I recently heard a comment that 20 years ago doctors bought 3,000 square foot homes and today they are buying 10,000 square foot homes! I know American’s have gotten fatter, but seriously, what are they doing with all of that space? I actually know some people who own a home that approaches 10,000 square feet and the truth is, they just never go upstairs. They live in the living room, kitchen, and their bedroom and the rest of the home is just for show. To me, I can understand that size home if you have a lot of company, but most of these homes are just trophies. It is a totally bizarre concept to me, but it is one that many American’s have bought into, and many of them are in bankruptcy as a result.
But I don’t just see it on the upper end, I see this same symptom in couples just starting out. They want brand new, the biggest they can “afford”, and a lot of them are in trouble as well. Their debt just keeps escalating, and in the current housing market, they are in some deep trouble. They can’t sell their home to get out of the huge payment because nothing is selling, and they are stuck just sinking deeper and deeper into debt. In fact, I recently had a friend comment to me that she couldn’t budget because their expenses were always greater than their income!!! What???? I am so glad I was on the phone, because my facial reaction would not have been discreet. Literally my mouth was hanging open. Fortunately, I managed to pull myself back together and just very kindly reminded her that that is actually exactly what a budget is for. But the shocker is that she lives in a gorgeous home, in a beautiful neighborhood, and from all outward appearances is doing well financially. What in the world is going on?
I honestly think that so much of the current crisis is directly tied to three things: 1)We have bitten off more than we can chew when it comes to our mortgages 2) We are not on a budget 3) We have no idea what we can actually afford to pay for a mortgage or for our lives. As a result, we are maxing out our credit cards, living lives we can’t afford, and praying for a miracle. Well, before you get yourself into the same situation as my friend, I want to talk today about how to figure out what kind of mortgage you can afford.
If you go to visit a bank or mortgage broker, they will typically tell you that “industry standard” is that your mortgage payment should not be more than 28% of your gross income. This is known as your “front end debt-to-income ratio”. Under this “standard” if you are making $3,500.00 a month, they think that you can afford a mortgage payment of or below $980.00 a month. There is also another number that they consider and that is your “back end debt-to-income ratio”. This is your overall debt scenario, in which they will take into account your car payments, credit card payments, other loans, cell phones, etc. Items like insurance and utilities are not included. Most lenders want this number to be below 36% of your gross income. So if you make $3,500.00 a month and you divide it by 36%, you get $1,225.00. So if you add up all of your monthly minimum payments, plus your new house payment, then the lender will want that number to be below $1,225.00. That doesn’t leave a lot of room for debt.
Of course, lenders want to give you the loan, especially if you have good credit and a good job history, so many of them are willing to offer loans that will far exceed this percentage. You may even be able to get a loan as high as 50% of your debt-to-income ratio. However, as I have said before, you should never take a loan based on what they are willing to give you, but rather based on what your budget tells you you can afford.
And here are some things that you need to factor in that your bank and broker will not take into consideration: First of all, are you a giver? No mortgage broker is going to ask you what percentage of your income you give to your local church, charity, or to missions each month, but it has a huge impact on your financial picture. If you are giving 10% of your income away each month then you cannot consider this “livable” income to take into account what size home you can afford. So, right off the top you need to subtract your giving from your monthly salary. If you give 10% (for example 🙂 ) and you earn $3,500.00 a month, then you need to subtract $350 from your gross monthly income. Your income would then be $3,150.00 on which to base your percentages.
Furthermore, if you are committed to saving money then this is a further deduction from your gross monthly income. I have written several blogs on savings that I would love you to read including Small Beginnings , Our European Adventure , Debt vs. Savings , and The Storehouse Blessing , but the bottom line is, if you aren’t saving money, then you are heading for debt.
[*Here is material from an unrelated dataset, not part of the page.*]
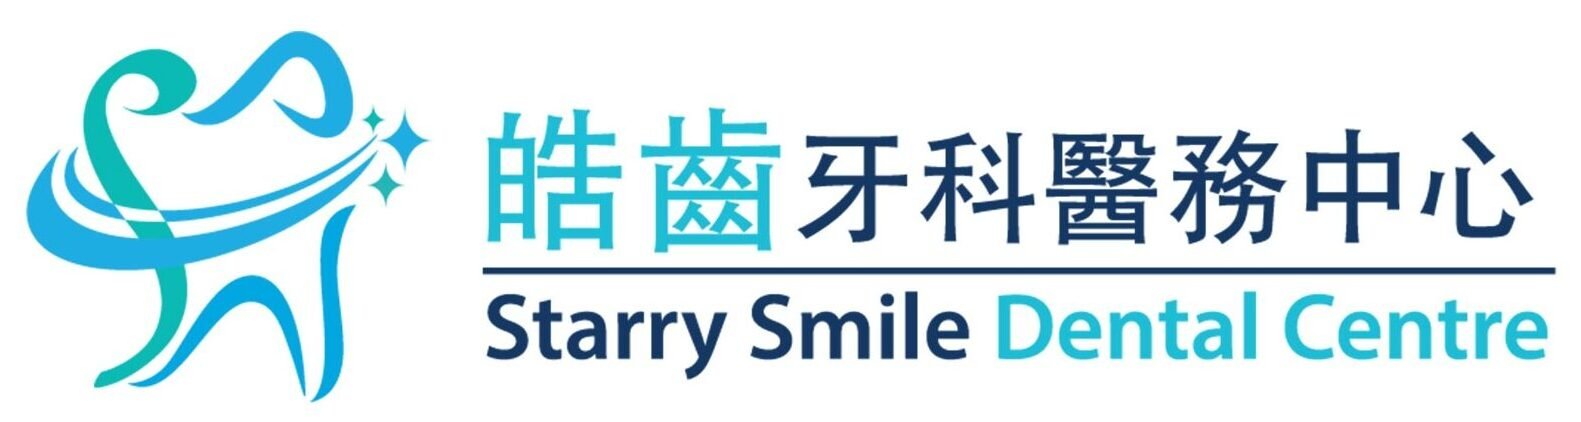 皓齒牙科醫務中心(荃灣) Starry Smile Dental Centre (Tsuen Wan)
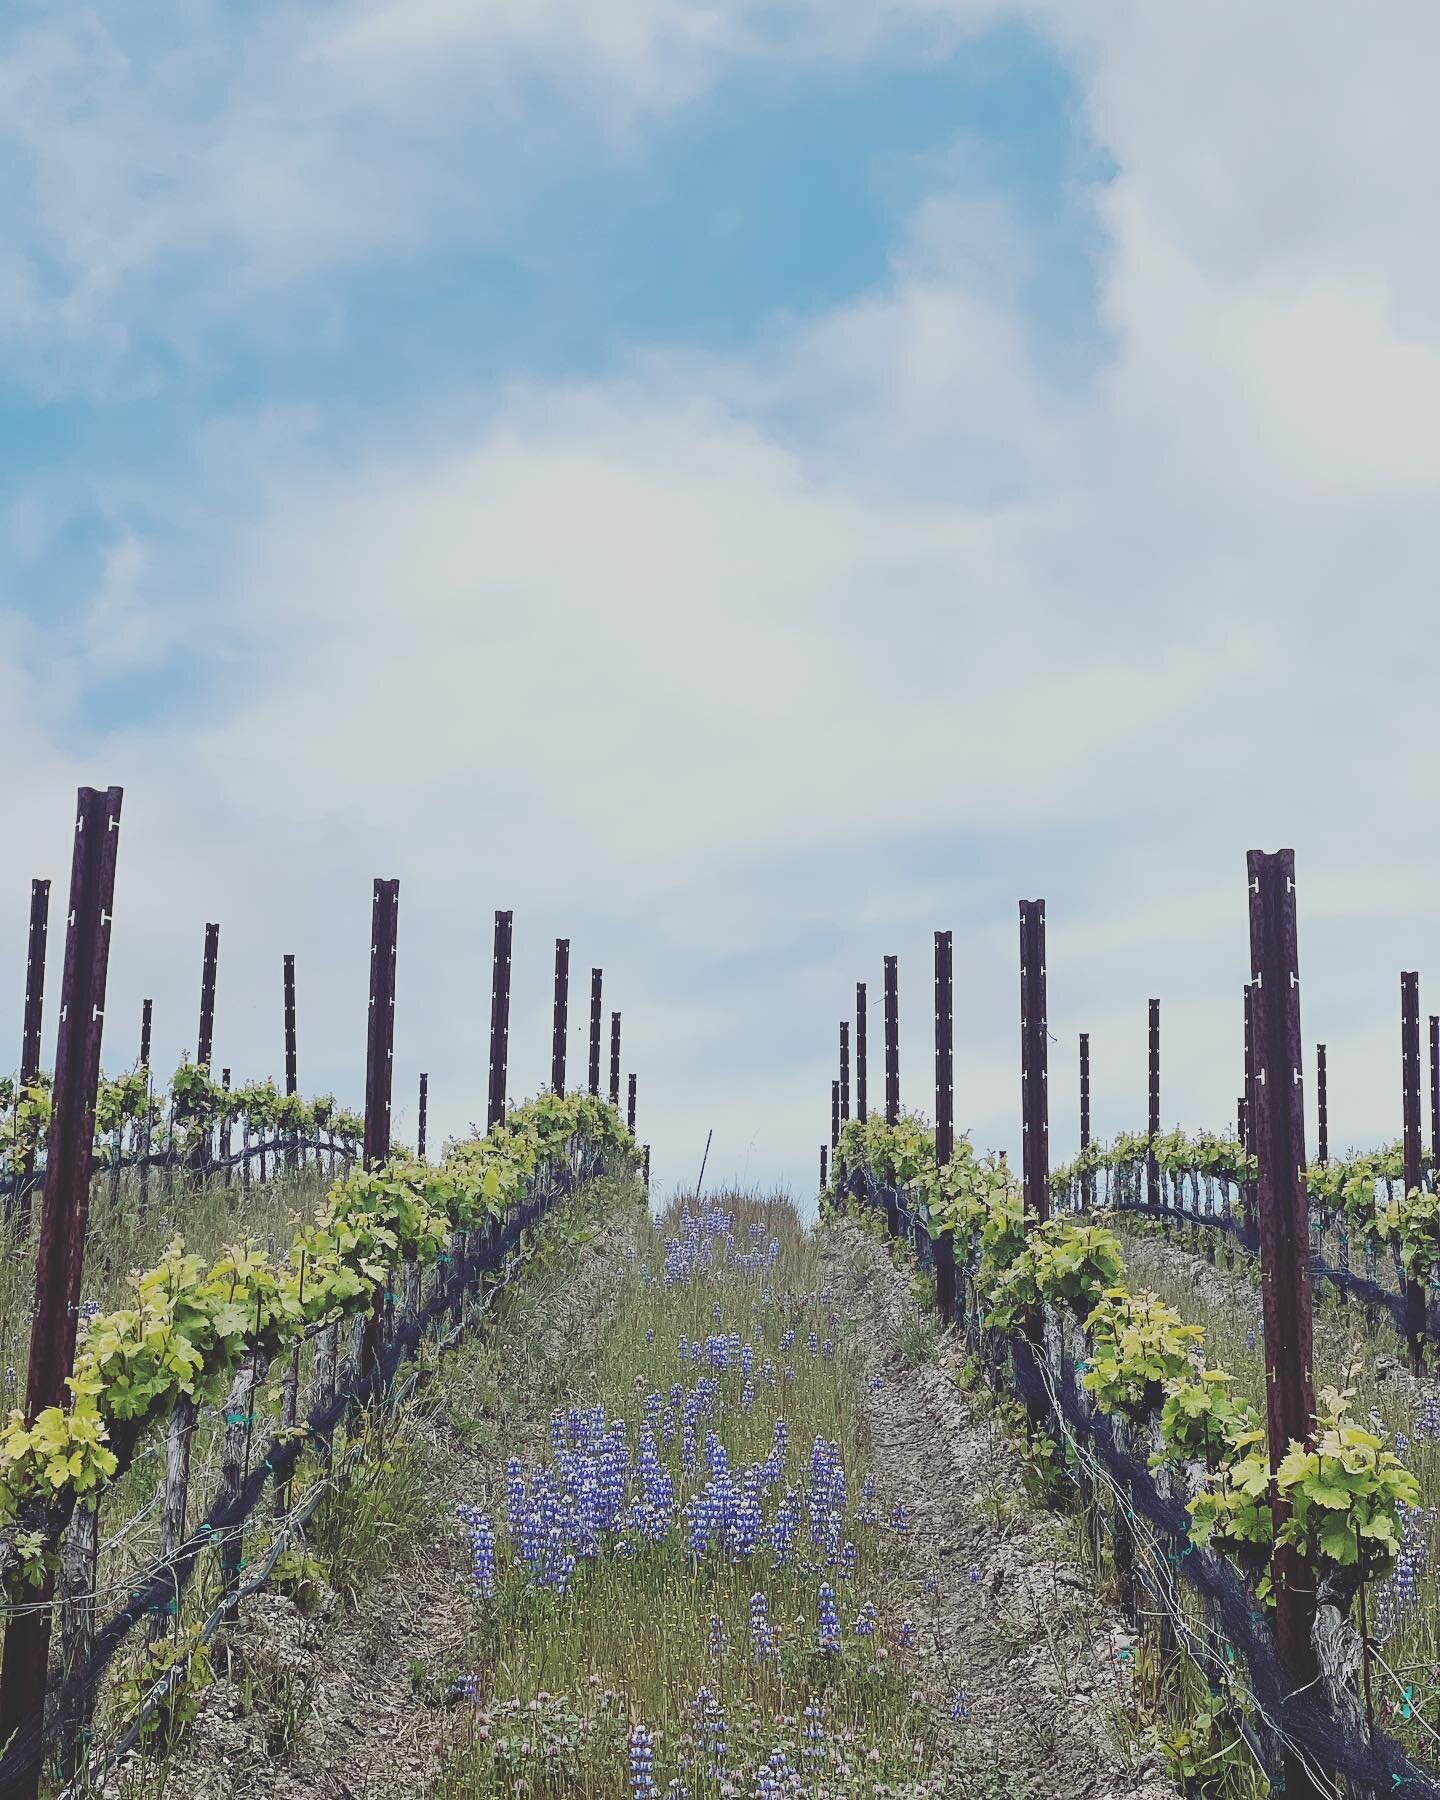 Pelio Vineyard in Carmel Valley makes some incredible Pinot Noir.

Unexpected expenses happen all the time in life, and if you don’t have a savings plan for those expenses, then they will end up on a credit card and you will end up in a hole. I am passionate about savings, and I just want to plead with you to not cut your savings in order to get into a bigger home. Your savings are such a vital part of enabling your dreams and your dreams for your family. Yes, your savings can help you get into your new home, but you don’t want it to be the last place you ever go because you are so financially strapped into your home.
So if you look realistically at these factors, you can see that this can have a large impact on what size mortgage you can “afford” to carry. Many Christians have really struggled in particular with the aspect of giving because there just never seems to be any money left over after bills. It is so wonderful to be a giver, but you need to be practical about what affect your giving will have on the size home that you can buy. Now, I know that the Lord is so incredibly gracious, and this is the moment when I feel like everyone wants to bust out with “God will make a way where there seems to be no way”, and yes, He loves to bless His children, but God is also really smart with finances… He is the beginning of ALL wisdom after all.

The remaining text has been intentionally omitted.